Впоследствии, когда происшествию с пятном будет придана широкая огласка, а сам Курье в свое оправдание заявит, что флорентийские злопыхатели накинулись на него исключительно потому, что он француз, вымещая на нем злобу из-за правящего в Италии французского ставленника, военный министр решится судить его как дезертира, что потребует от Курье новых оправданий. Если принять на веру, что все эти сложности и переживания выразились в «геростратовском» порыве Курье, одновременно испортившего древний текст, но и давшего ему новую жизнь в своем собственном прочтении, то, выражаясь несколько вычурно, можно сказать, что как писатель и личность он поставил кляксу не только на рукописи, но также и на своей собственной биографии. Беллетристическое искушение в этом случае оказывается тем сильнее, что пройдет еще несколько лет, и символика «пятна» в судьбе Курье воплотится трагически: в 1825 году он будет убит тремя своими работниками. Убийцы были арестованы, но за недостаточностью улик отпущены на свободу, а когда спустя четыре года такие улики нашлись, выяснилось, что все они (один из них к этому времени умер) были любовниками мадам Курье (на которой Курье женился в 1814 году и которая была почти на двадцать пять лет моложе своего мужа).

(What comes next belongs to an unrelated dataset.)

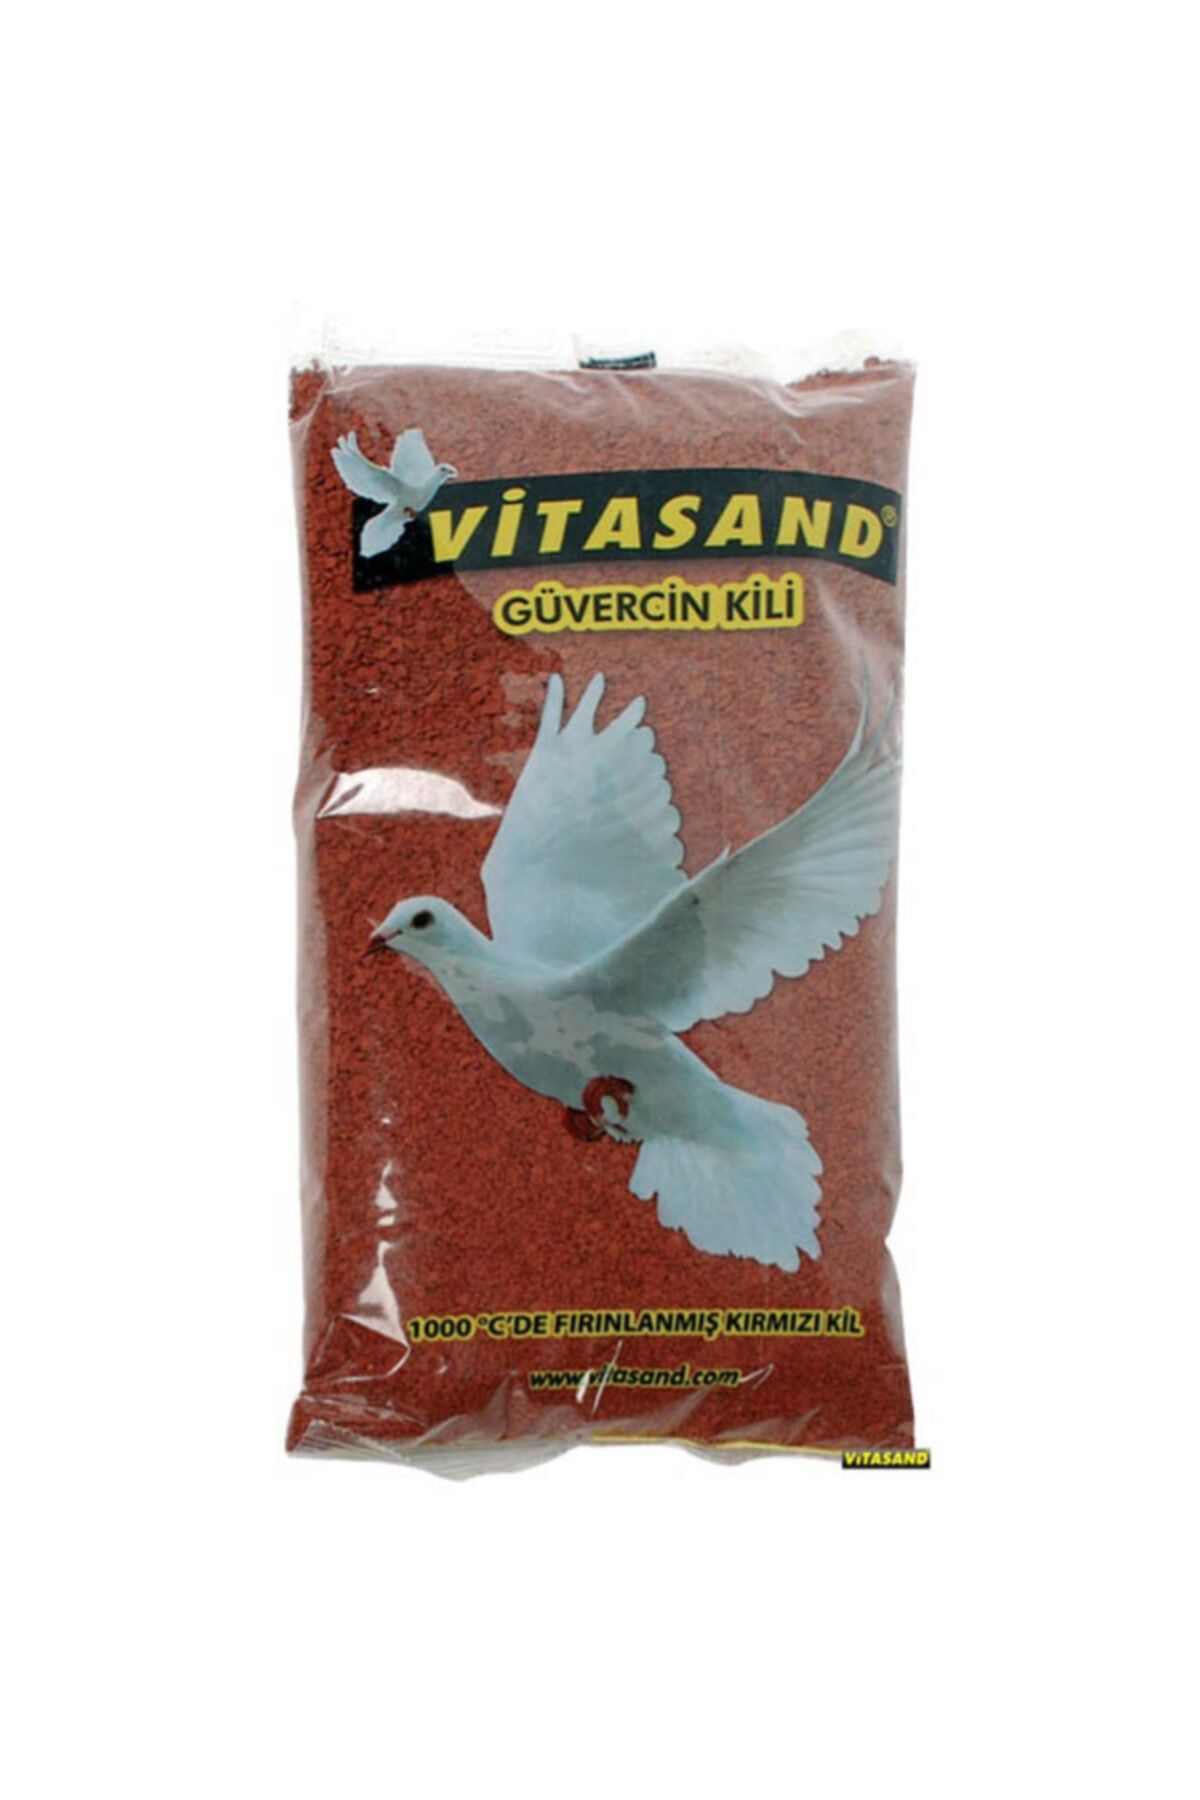 Vitasand Güvercin Kili Fırınlanmış Kırmızı Kil 1 kg

Однако поскольку первый суд признал их невиновными, то, в соответствии с тогдашним законом, вторичного разбирательства дела не последовало[347]. При некоторой склонности к суевериям здесь можно было бы заметить пророческое совпадение между замаранным Курье текстом («кто поцеловал Хлою») и зловеще-прозаическим концом его собственной жизни[348].
2Всплывшие в 1830 году новые подробности, касающиеся обстоятельств гибели Курье, напомнили как о самом покойном, так и о давней уже истории с пятном. Смог узнать о Курье и русскоязычный читатель: в 1831 году «Московский телеграф» Николая Полевого публикует биографический очерк и два отрывка из его сочинений, винясь в том, что «имя этого замечательного человека едва известно в нашей литературе». Здесь же рассказывалась и история о злополучной кляксе — сочувственная к Курье и насмешливая к библиотекарю Дель Фурии, «злобившегося на Курье за его открытие, сделанное перед носом поседелого хранителя сей редкости, никогда не заметившего ее»[349].

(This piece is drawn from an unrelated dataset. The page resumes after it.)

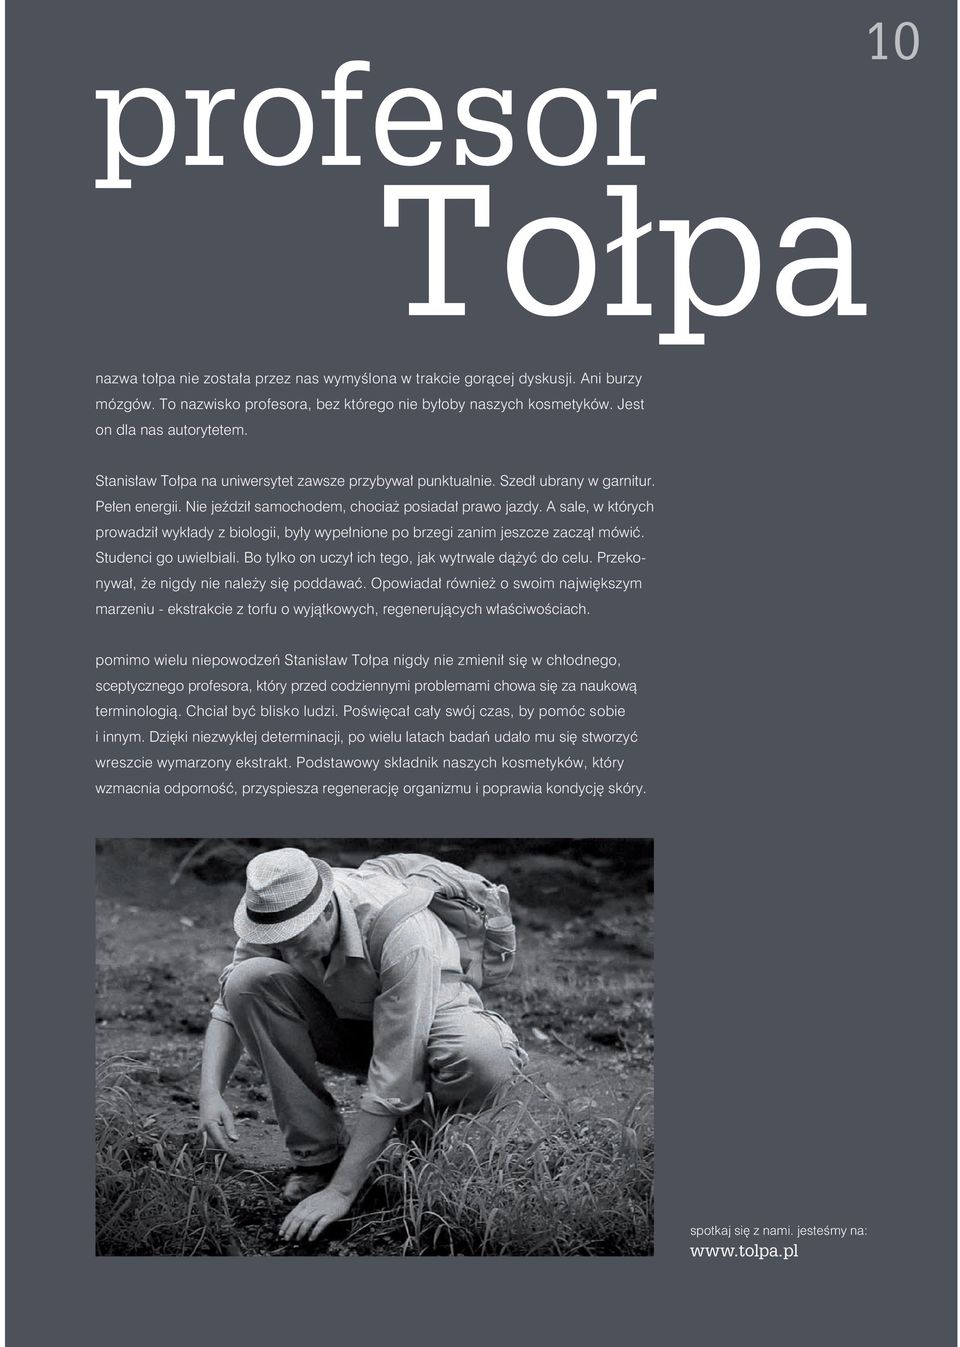 www.tolpa.

Чернильное пятно, испортившее рукопись «Дафниса и Хлои» (масштаб повреждения которой еще больше увеличился после того, как пятно пытались вывести соляной кислотой)[350], и расписка Курье, признававшего факт его обнаружения[351], стали к этому времени своеобразной достопримечательностью Флорентийской библиотеки. О ней упоминают иностранные путешественники (в том числе и русские — например, посетивший Флоренцию в 1841 году Николай Греч[352]). Посмертная репутация Курье — блестящего стилиста, либерала и борца с несправедливостью, подвергавшегося судебным преследованиям и даже несколько дней сидевшего в тюрьме, — в целом заслонила историю со злополучной кляксой[353], о которой сегодня печалятся разве что любители античности. Но для истории классической филологии само это происшествие можно счесть символическим и типологически соотносимым с утратами, которыми определяется само наше знание об античности. Пролитые Курье чернила поглотили еще один фрагмент — в ряду неисчислимого множества не дошедших до нас — античных текстов и в этом смысле, как мог бы сказать поклонник синергетики, служат примером увеличения мировой энтропии. Не удивительно, что и сам образ чернильного пятна, заливающего собою письменный текст, обнаруживает контексты, в которых он предстает аллегорией хаоса и бездны. В истории литературных мотивов примером такой аллегорики может служить притча, приводимая в раннесредневековом мидраше Танхума — в тексте, рассказывающем об ответе рабби Акивы на вопрос о доказательствах существования Господа. «Акива показал свиток чудесной каллиграфии и заявил, что этот свиток возник оттого, что он вчера разлил чернила, и чернильная клякса чисто случайно образовала данный текст. Понятно, что ему не поверили и сказали, что, ясное дело, свиток исполнил писец. „Точно так же, — ответил р. Акива, — существование сложного прекрасного мира доказывает, что у него есть Творец“»[354].
В оккультно-мистической традиции визуализации понятий и сущностей тот же образ может быть соотнесен с иллюстрацией Роберта Фладца в трактате «История метафизическая, физическая и техническая, разумеющая каждый из большого и малого мира» (Utriusque cosmi maioris scilicet et minoris metaphysica, physica atque technica historia, 1617). Здесь образ хаоса и первичной материи (materia prima) представлен черным квадратом, по сторонам которого написано: «Et sic in infinitum» — «И так до бесконечности». Сам квадрат в этом случае визуально уравнен со страницей, на которой вместо слов — непроницаемая чернота, безбрежная и бесконечная клякса.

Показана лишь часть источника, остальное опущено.